Compound 3gh: clear oil. IR (neat): ν = 1223, 1583, 1689, 1736 cm^-¹. ^¹H NMR (400 MHz, CDCl₃): δ = 1.11 (s, 6 H), 1.35 (t, 3 H, J = 7.3 Hz), 1.60-1.74 (m, 4 H), 2.32 (t, 2 H, J = 6.8 Hz), 2.38 (s, 2 H), 2.69 (s, 2 H), 2.89 (t, 2 H, J = 6.8 Hz), 3.64 (s, 3 H), 4.31 (q, 2 H, J = 7.3 Hz). ^¹³C NMR (100 MHz, CDCl₃): δ = 14.3, 24.5, 27.1, 27.6, 28.6, 33.8, 35.1, 37.5, 53.3, 61.0, 111.7, 118.4, 162.1, 163.5, 165.0, 174.0, 191.9. MS (EI, 70eV): m/z = 350 [M⁺], 319, 304, 272, 244, 231, 217 (100), 55, 29. Anal. Calcd for C₁₉H₂₆O₆ (350.41): C, 65.13; H, 7.48. Found: C, 65.22; H, 7.56.
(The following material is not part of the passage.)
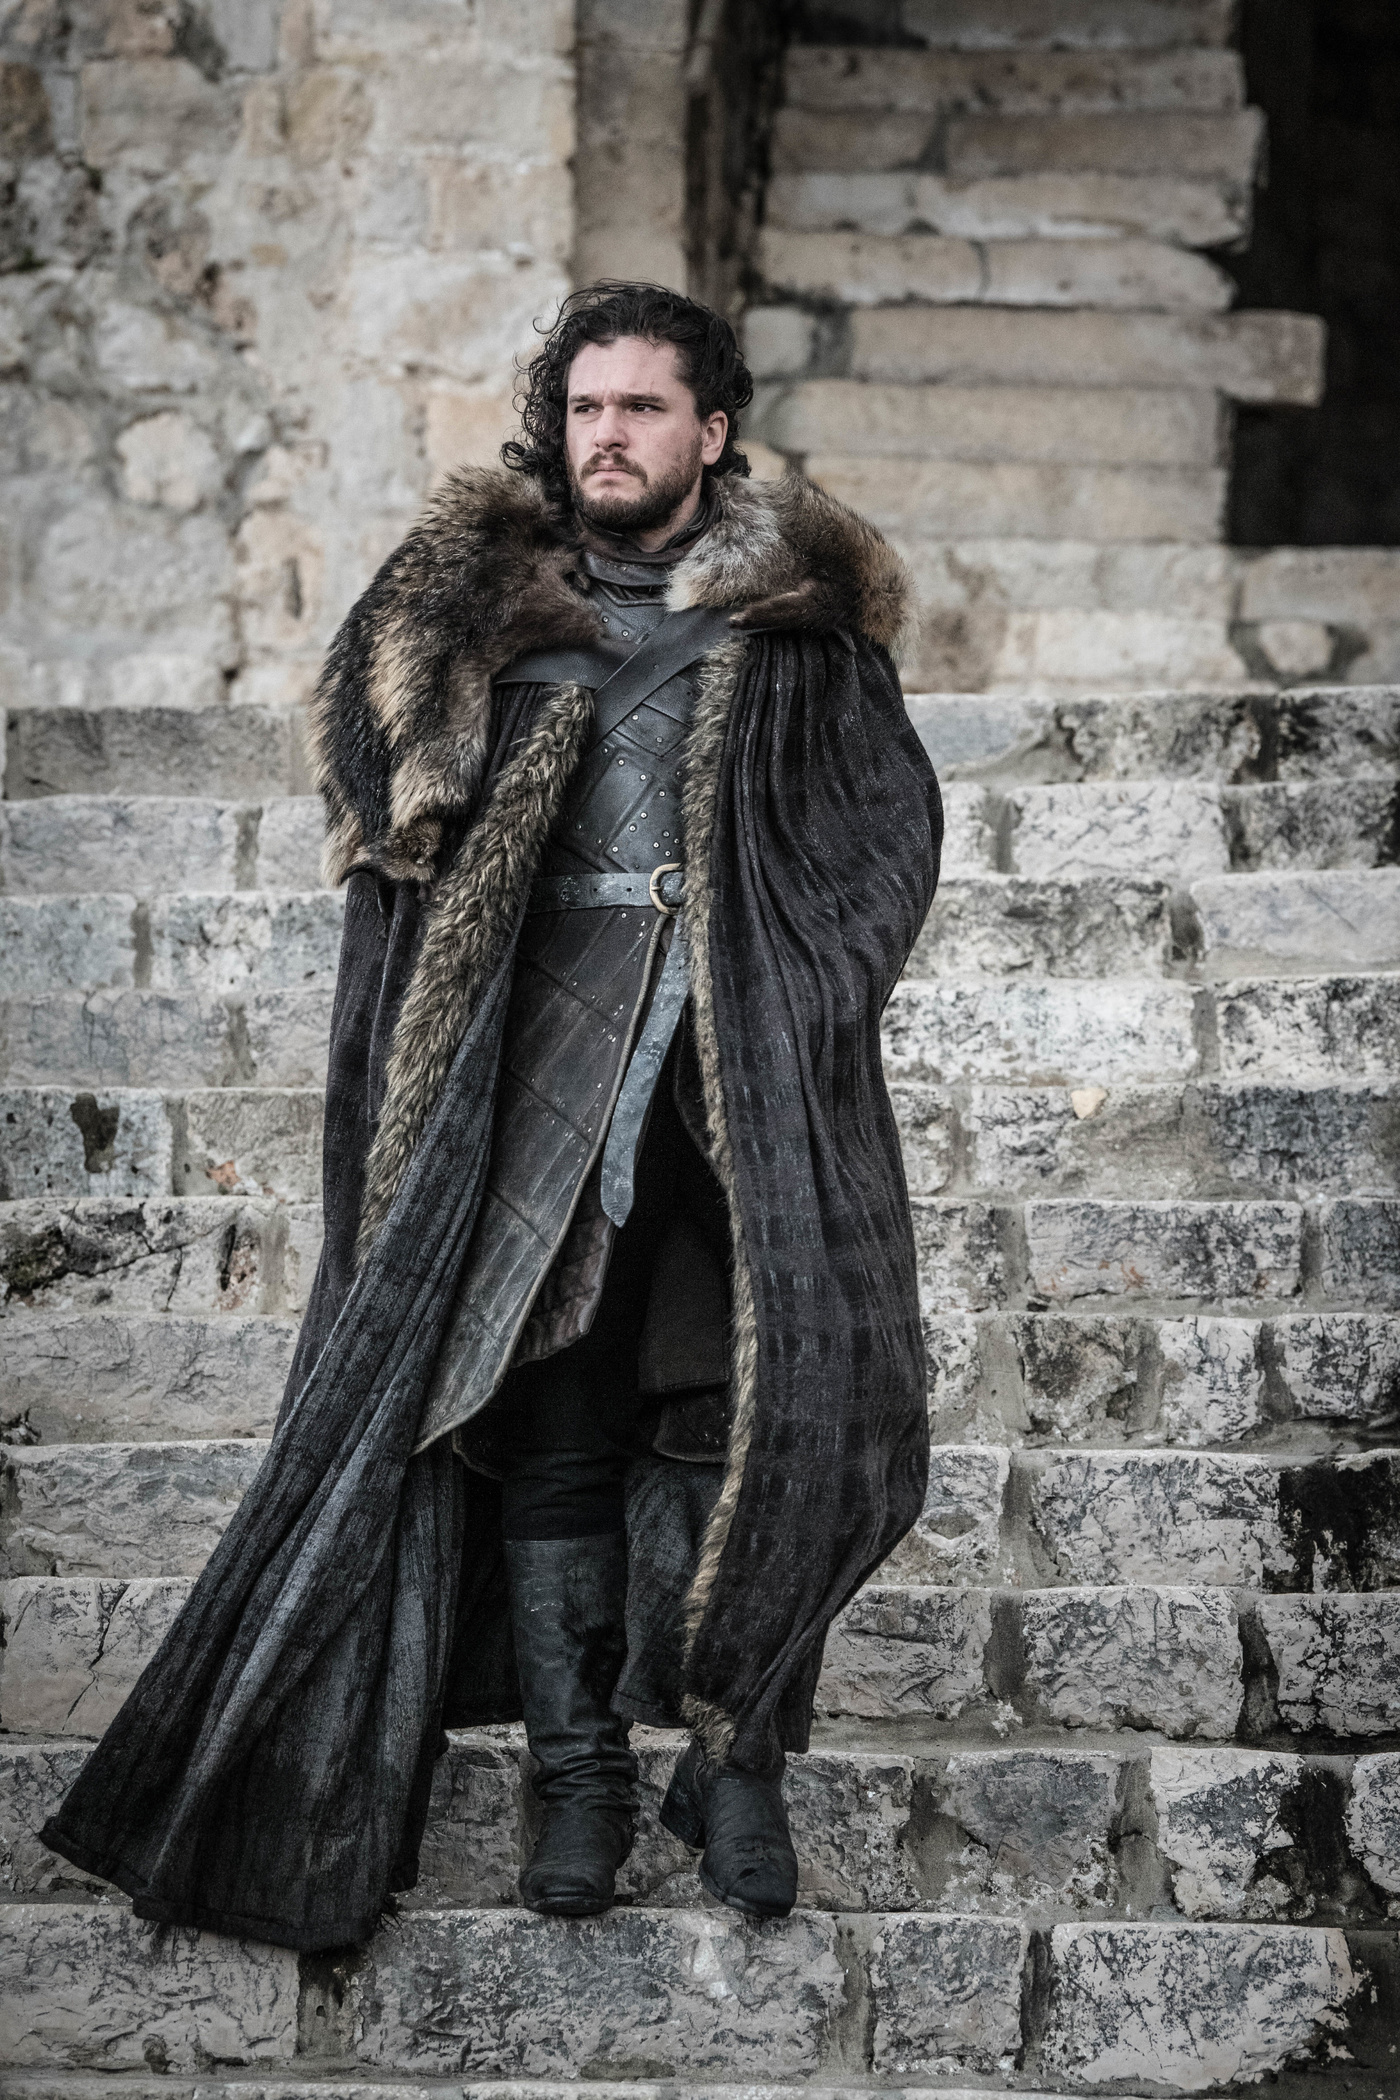 PHOTO: Kit Harington in a scene from "Game of Thrones."

Compound 3hc: clear oil. IR (neat): ν = 691, 1112, 1492, 1586, 1603, 1721, 2232, 3062 cm^-¹. ^¹H NMR (400 MHz, CDCl₃): δ = 0.90 (t, 3 H, J = 6.8 Hz), 1.31-1.39 (m, 4 H), 1.41 (t, 3 H, J = 7.3 Hz), 1.68-1.79 (m, 2 H), 3.05 (t, 2 H, J = 7.7 Hz), 4.38 (q, 2 H, J = 7.3 Hz), 7.40-7.50 (m, 3 H), 7.98 (d, 2 H, J = 7.3 Hz). ^¹³C NMR (100 MHz, CDCl₃): δ = 14.1, 14.2, 22.4, 27.6, 27.7, 31.4, 61.3, 92.1, 114.2, 114.5, 125.7, 127.7, 129.2, 130.5, 158.7, 161.8, 163.3. MS (EI, 70eV): m/z = 311 [M⁺], 282, 254, 226 (100), 105, 77, 29. Anal. Calcd for C₁₉H₂₁NO₃ (311.37): C, 73.29; H, 6.80; N, 4.50. Found: C, 73.33; H, 6.85; N, 4.46.